Come supposto, auspicato nelle rimuginazioni intorno alla Mostra, nei bilanci preventivi circa la qualità delle forme cinematografiche piuttosto che delle narrazioni presenti in questa edizione d’emergenza, Spaccapietre dei fratelli De Serio (presentato alle Giornate degli autori e in sala da qualche giorno) si conferma come una delle cose più interessanti e intense in circolazione, proprio dal punto di vista della scrittura, della sedimentazione, stratificazione di segni costituenti l’immagine, il suo incedere, il suo spegnersi in un canto dolente.

LO STESSO, magnifico, privo del timore di tenere aperti gli occhi, di restare sulle cose e gli uomini, nel fondo del bus, poi nel biancore, nel lucore oltre il lunotto; lo stesso che chiudeva Sette opere di misericordia, il film che nel 2012 rivelò il talento dei De Serio, facendo pensare a Dumont, a Larrain, forse anche a Reygadas, in virtù di una tensione al chiaroscuro, di un livore dell’immagine e uno svelamento materico del mondo che però non cadevano mai nel nichilismo.
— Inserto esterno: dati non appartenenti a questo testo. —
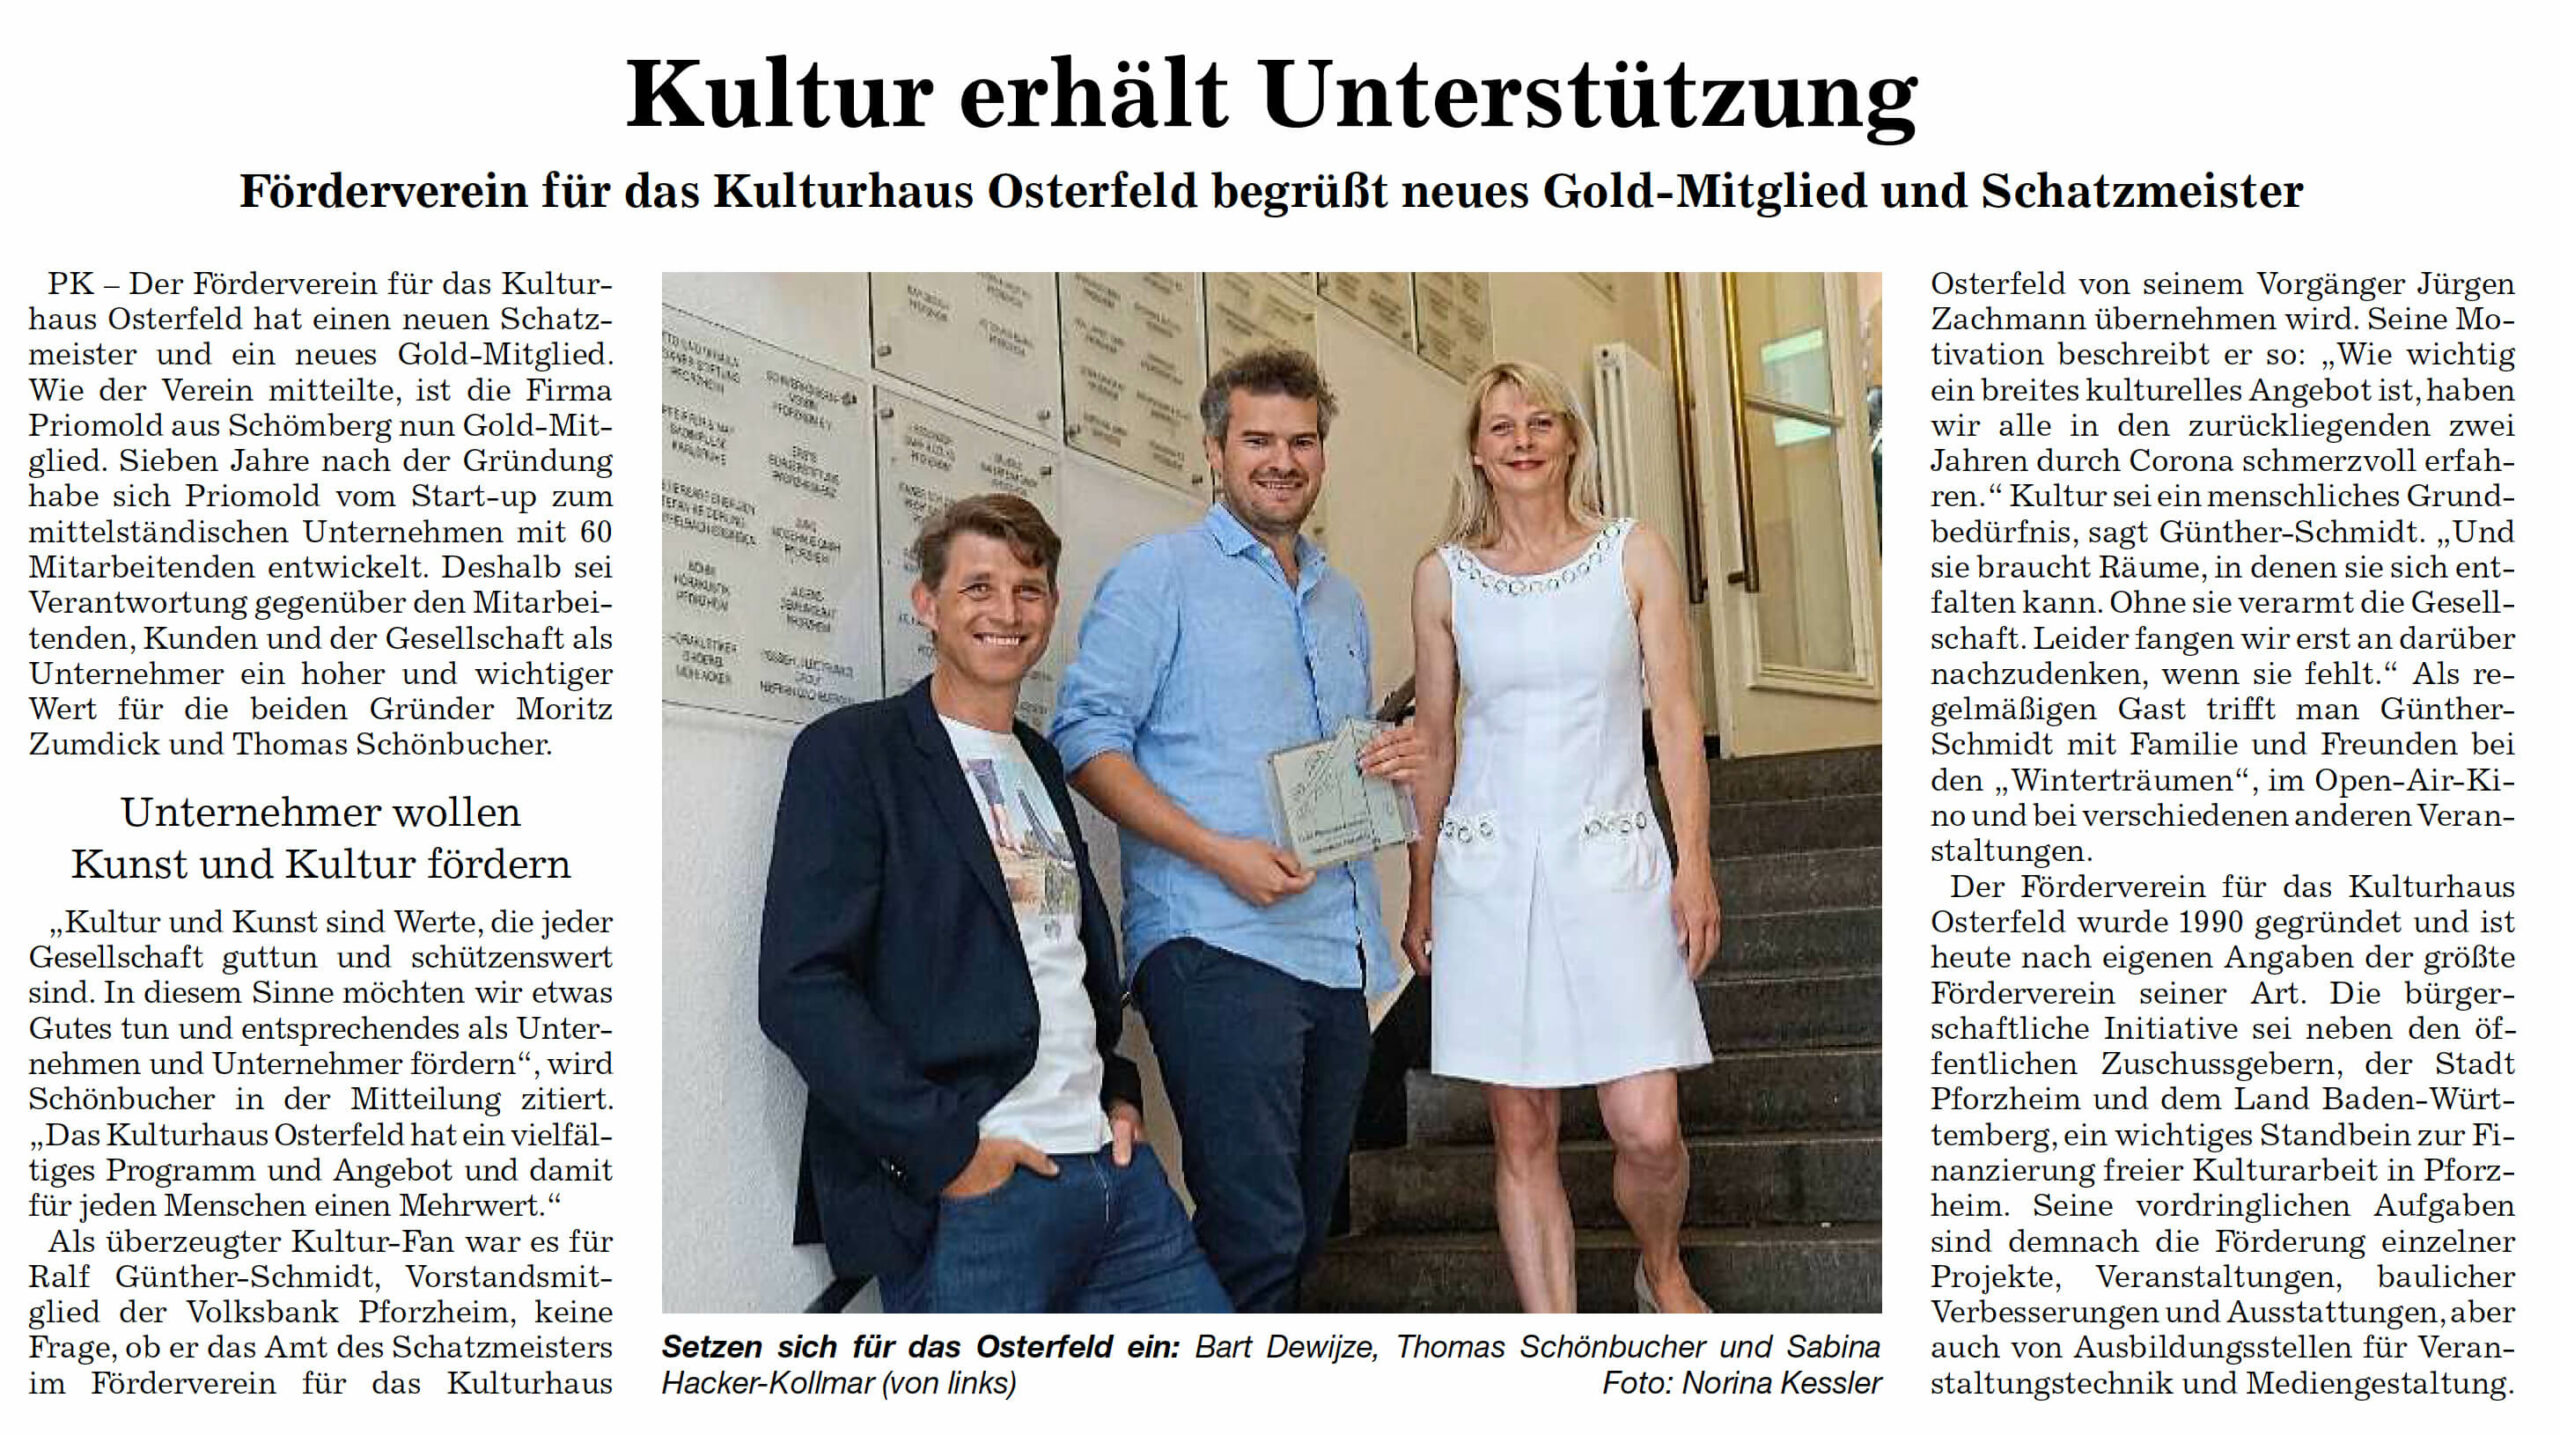 Förderverein Kulturhaus Osterfeld - News - Neues Gold-Mitglied und neuer Schatzmeister

Che è quello che accade anche in Spaccapietre nonostante la scrittura dei due registi sia molto cambiata, ora più asciutta, priva delle esorbitazioni stilistiche, di certi sguardi differiti o in tralice che ad esempio in Sette opere trasfiguravano il pestaggio di Luminita proiettato sui vetri bisunti di una baracca e su volto di donna impresso su quella superficie profondante, prospettica; o di quei movimenti di macchina così modulati che pure erano uno degli aspetti più affascinanti di quel film, come quando all’inizio la macchina da presa, come in un piano-sequenza di Angelopoulos, si muoveva da destra a sinistra del quadro partendo dalla figura scurita, ferma di Herlitzka per arrivare allo stesso personaggio mentre accovacciato attizza un fuoco. Ora le sequenze sono essenziali referti di una desolazione, di un errare, di qualcosa come un’allucinazione, verso la fine: i due protagonisti si muovono per inerzia, spinti dal dolore del lutto, dentro periferie di paese diroccate, in sfacelo da pietrisco e gramigna, prive di alcuna presenza umana.

È UN SUD SLAVATO, una Puglia immersa nella sua luce meridiana, nella sua antifona fatta di terra e mito, sulle cui vie scompaiono quasi del tutto i movimenti di macchina in favore del taglio laminato, crudo della scena, che del resto apre vuoti, brevi vuoti di memoria nell’economia del film, come dei salti rispetto alla continuità spazio-temporale della narrazione. Se il film è un atto di estrema orgogliosa fedeltà ai padri, alle proprie origini rurali, operaie (il nonno spaccapietre), lo è anche dal punto di vista delle forme in questione: soprattutto nella prima parte persiste un che di neorealistico, qualcosa (una frontalità, un’angolazione) che ricorda Bruno Ricci (Ladri di biciclette) colto in flagrante dalla macchina da presa, nella sua luce stupefacente, fortuita, qualcosa che riguarda la carnagione luminosa del bambino, il suo sguardo trepido ora trasposto in quello di Antò (Samuele Carrino). Dal punto di vista ideologico mi viene in mente Leogrande che se non uno di quei padri rappresenta sicuramente un fratello, e risalendo a ritroso, trascurando la miriade di padri intermedi (forse anche l’Amelio più cupo di Così ridevano) e arrivando agli archetipi, penso al Visconti della Terra trema e ancora più indietro fino al rude realismo verghiano, alla temperie della vita nei campi, ai Mazzarò, la roba, quella così crepitante in banconote tra le mani insanguinate del caporale. Ecco l’elemento fondamentale di una messa in scena certo non priva di qualche incaglio, anche di uno spaesamento se si vuole (quello di registi piemontesi immersi nella Puglia degli avi), di uno smarrimento ma inteso come condizione di una libertà creativa che a un tratto vira, accelera verso il noir e conferma il mito.

È IL SANGUE, quello di un immigrato morto in un incendio, di un cane, poi di un cinghiale svuotato di frattaglie da Rosa, costretta poi a una liturgia di sottomissione sessuale istigata proprio dall’odore nauseante di quel sangue. La stessa coreografia mortifera e pornografica (come le pose dei corpi coartati nei film di Salieri) imposta dal padrone (un Signorile magnificamente laido a fianco del resto all’ennesima intensa interpretazione di Salvatore Esposito) che si ripeterà nello straordinario finale all’insegna di nude martellate su crani e zigomi, prima del sogno disperato, della corsa di liberazione di Antò che può ritrovare sua madre come in un vento notturno, notte dei tempi, e nella concreta fugacità dell’immaginazione, del cinema.